Segment Start: Given material

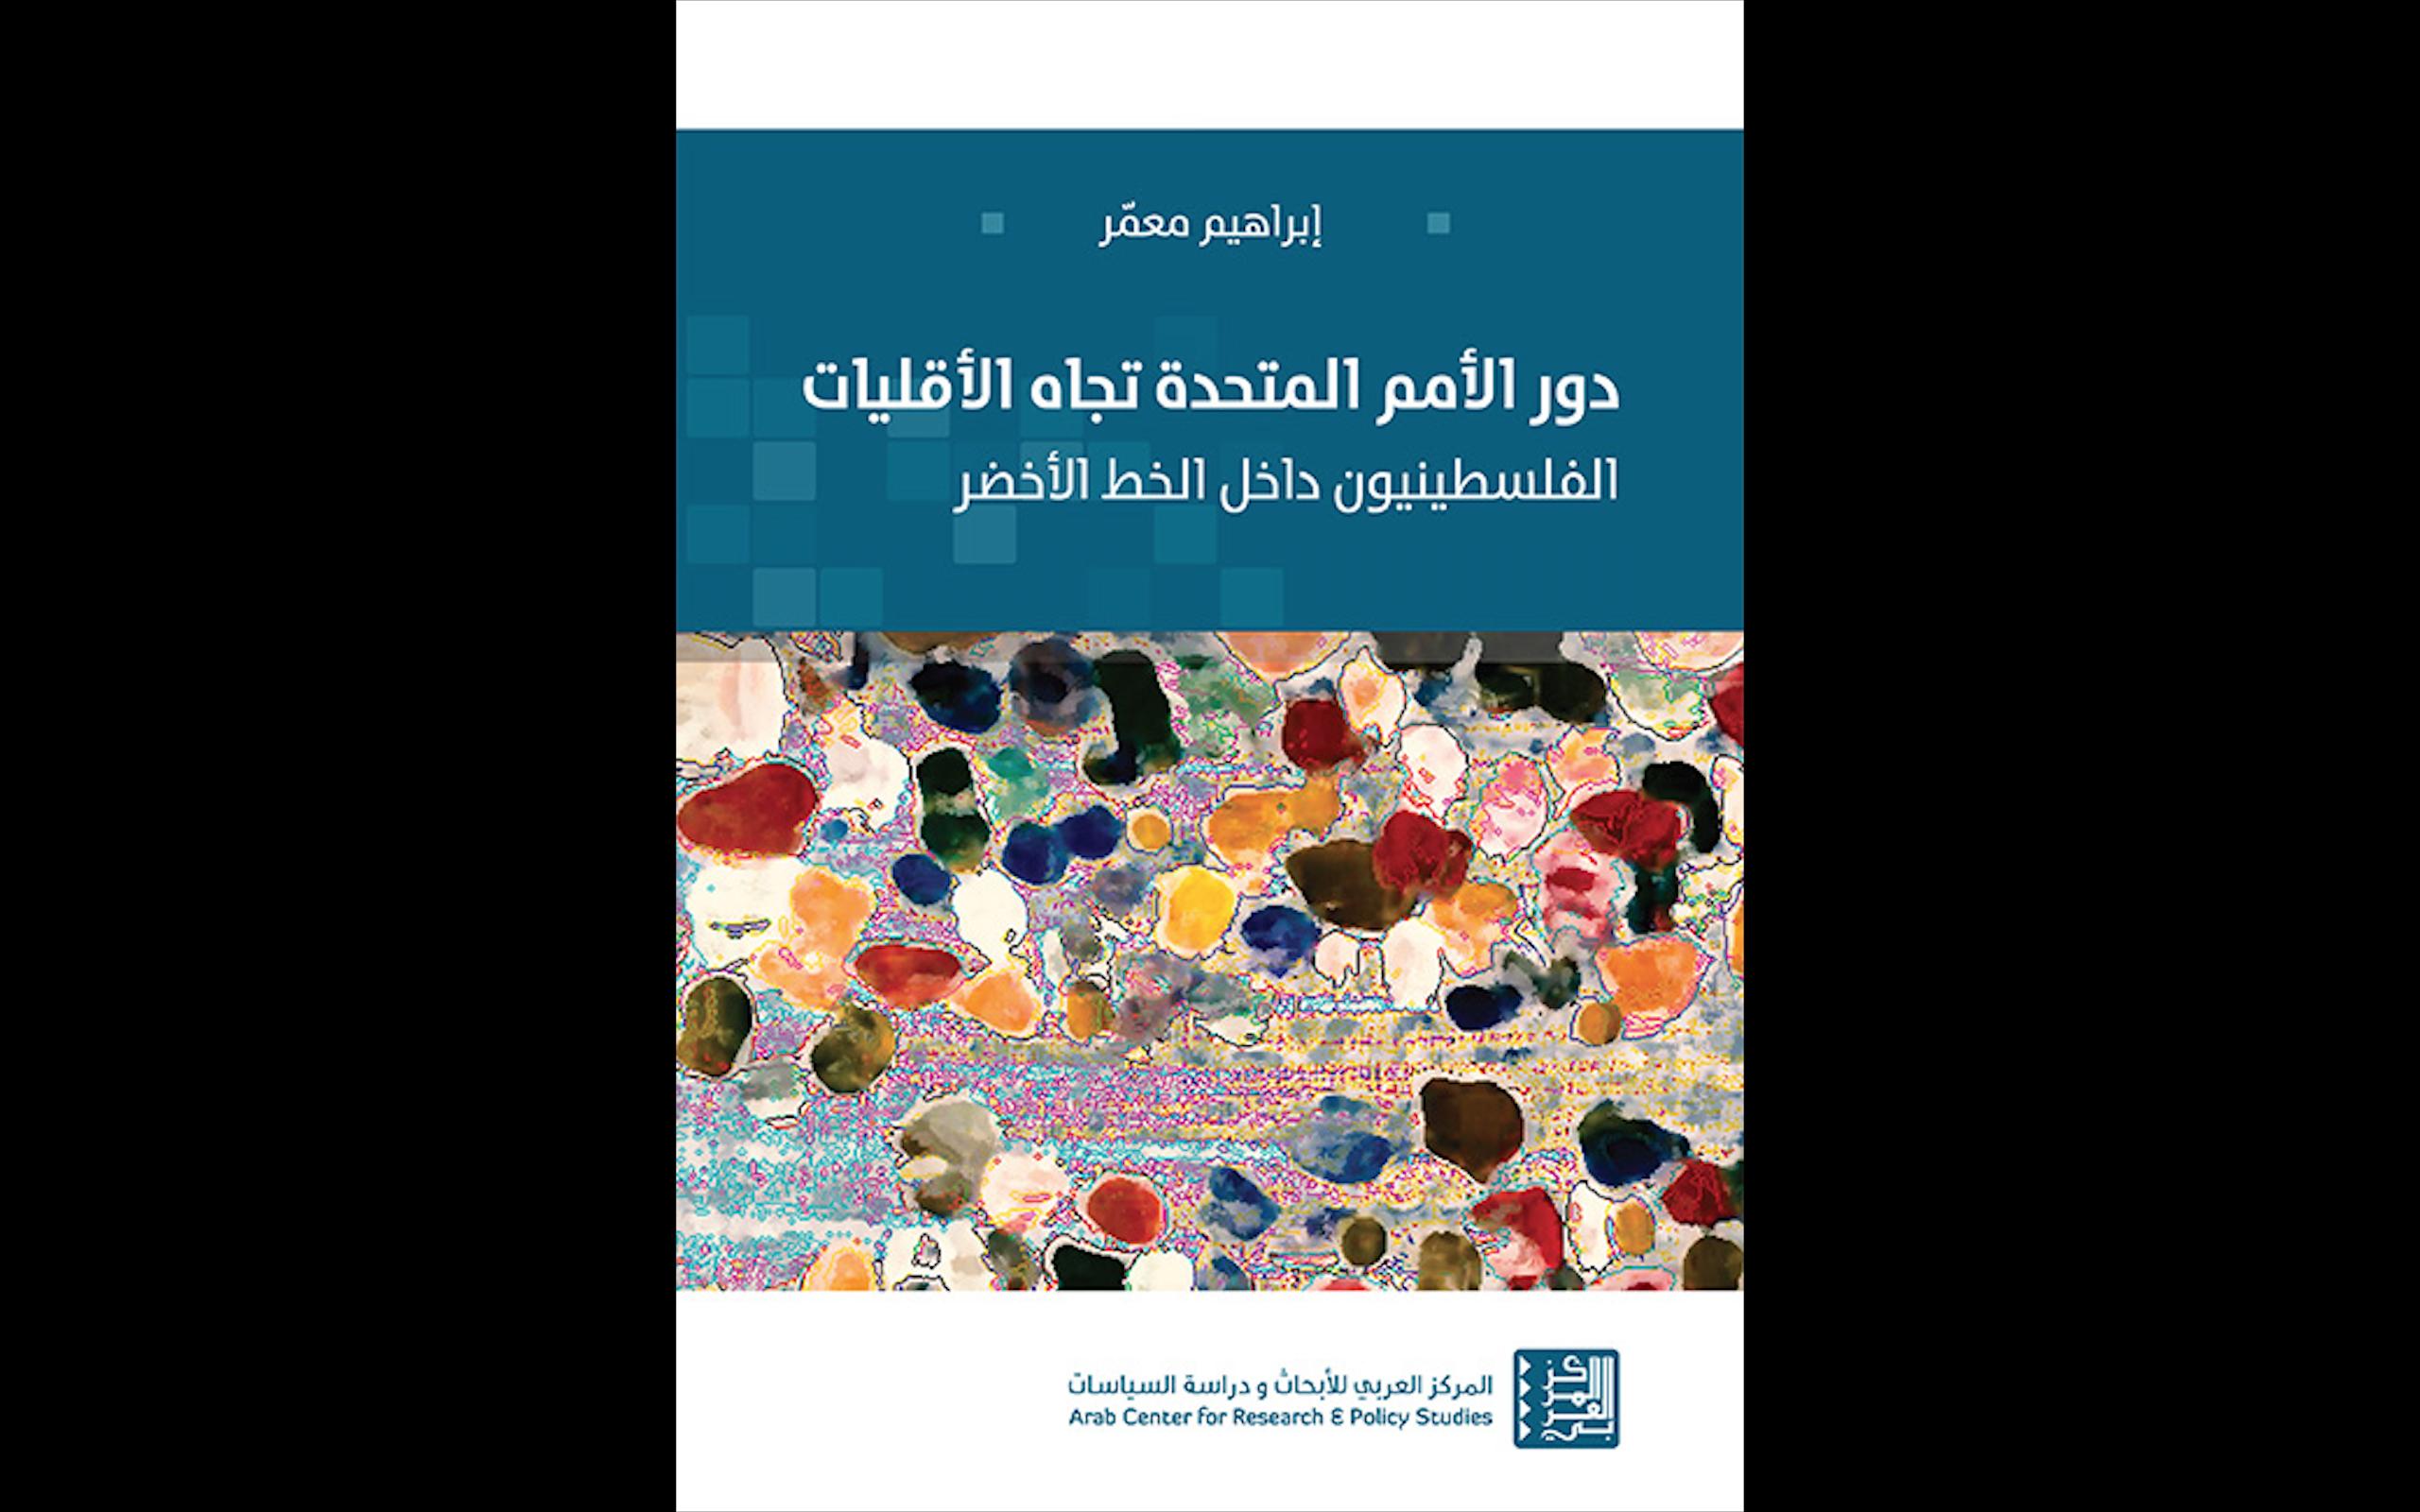 «دور الأمم المتحدة تجاه الأقليات: الفلسطينيون داخل الخط الأخضر» عن المركز العربي للأبحاث ودراسة السياسات
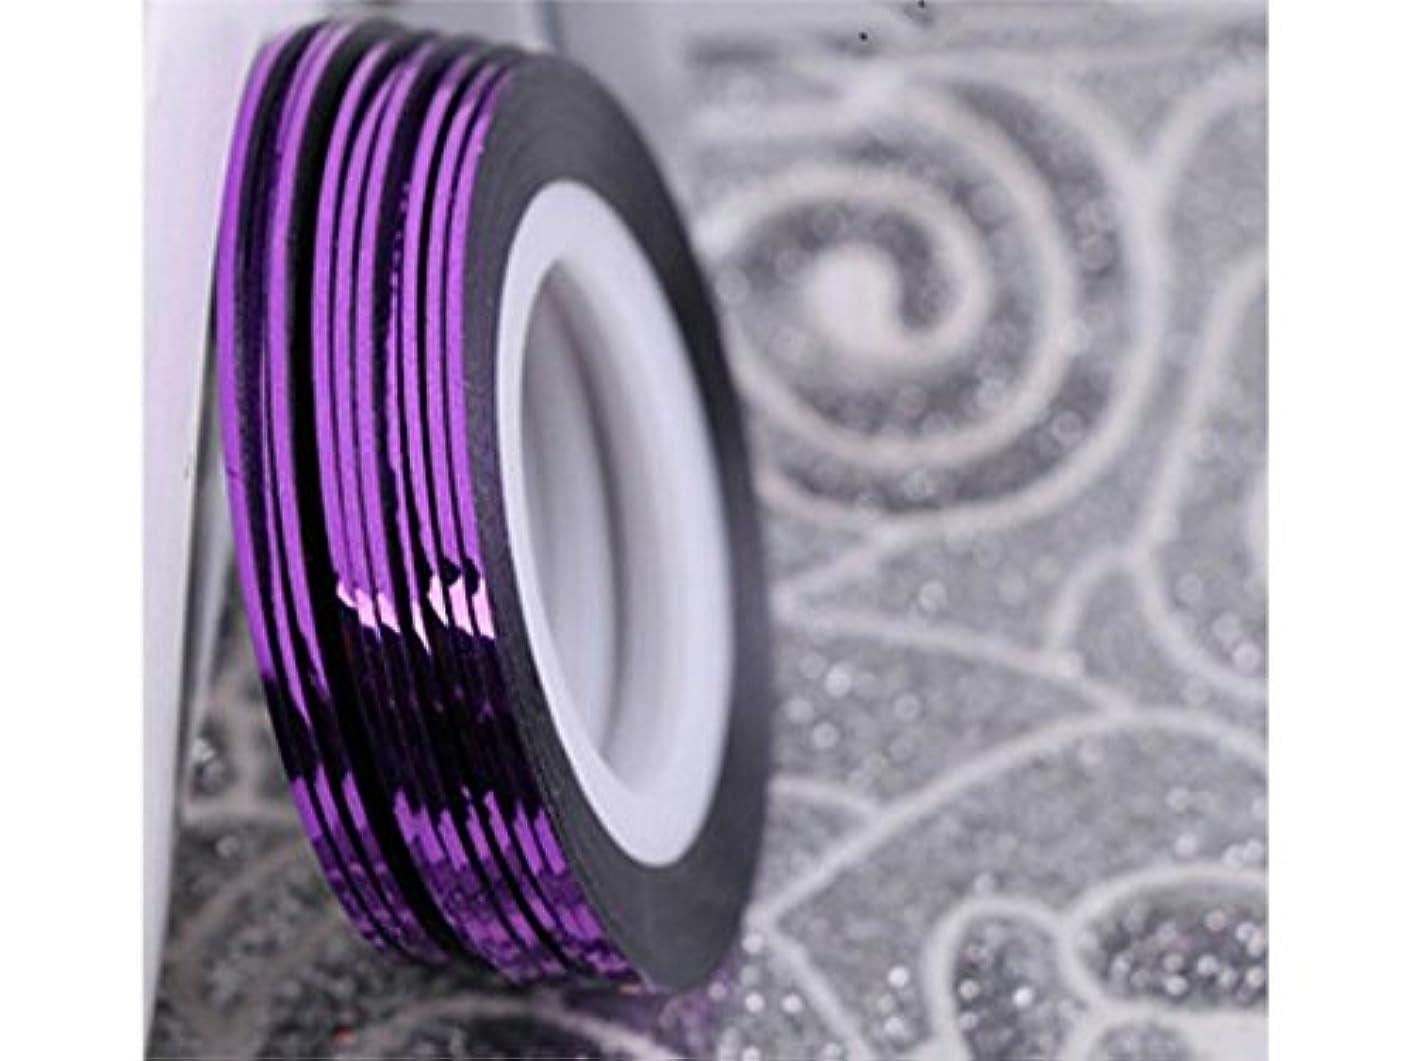 部分的にもろい汚れるOsize ネイルアートキラキラゴールドシルバーストリップラインリボンストライプ装飾ツールネイルステッカーストライピングテープラインネイルアートデコレーション(パープル)
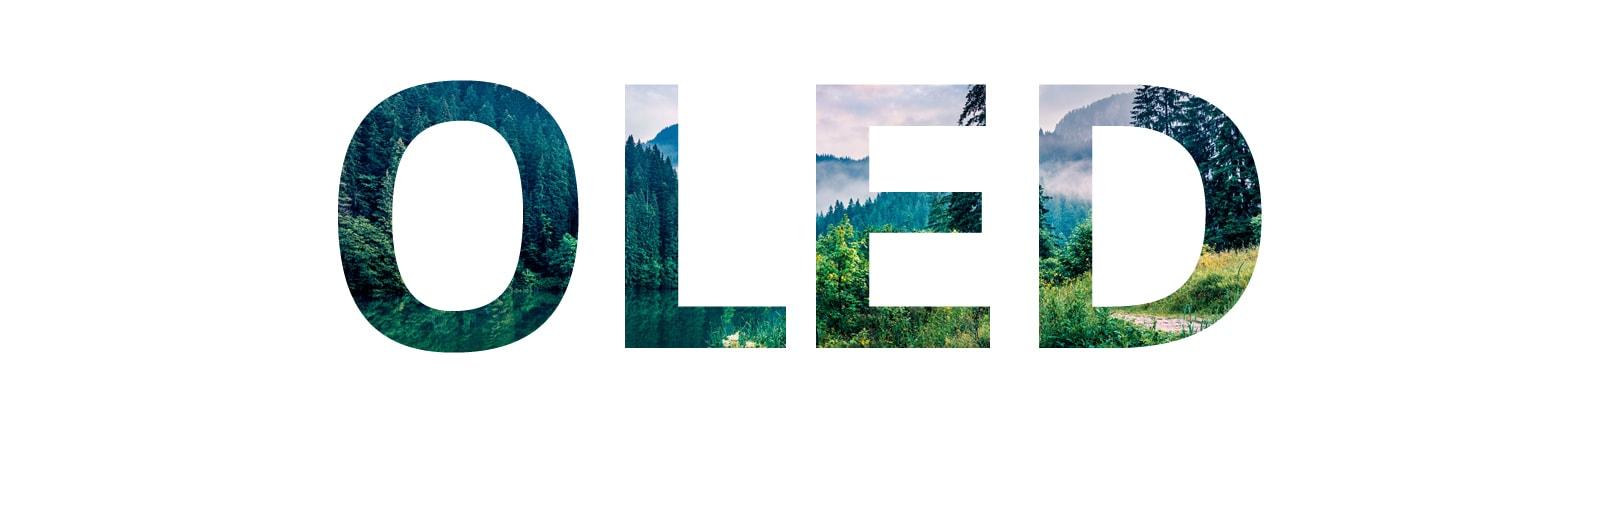 右側滑入的大自然圖像被「OLED」字樣填滿(播放影片)

Segment End: Given material

▶ _Required action_
Give the lines from the one containing "部分的にもろい汚れるOsiz" through the final line of the material again, exactly and in full, but without pictures.

▶ _Exercise output_
 部分的にもろい汚れるOsize ネイルアートキラキラゴールドシルバーストリップラインリボンストライプ装飾ツールネイルステッカーストライピングテープラインネイルアートデコレーション(パープル)
 右側滑入的大自然圖像被「OLED」字樣填滿(播放影片)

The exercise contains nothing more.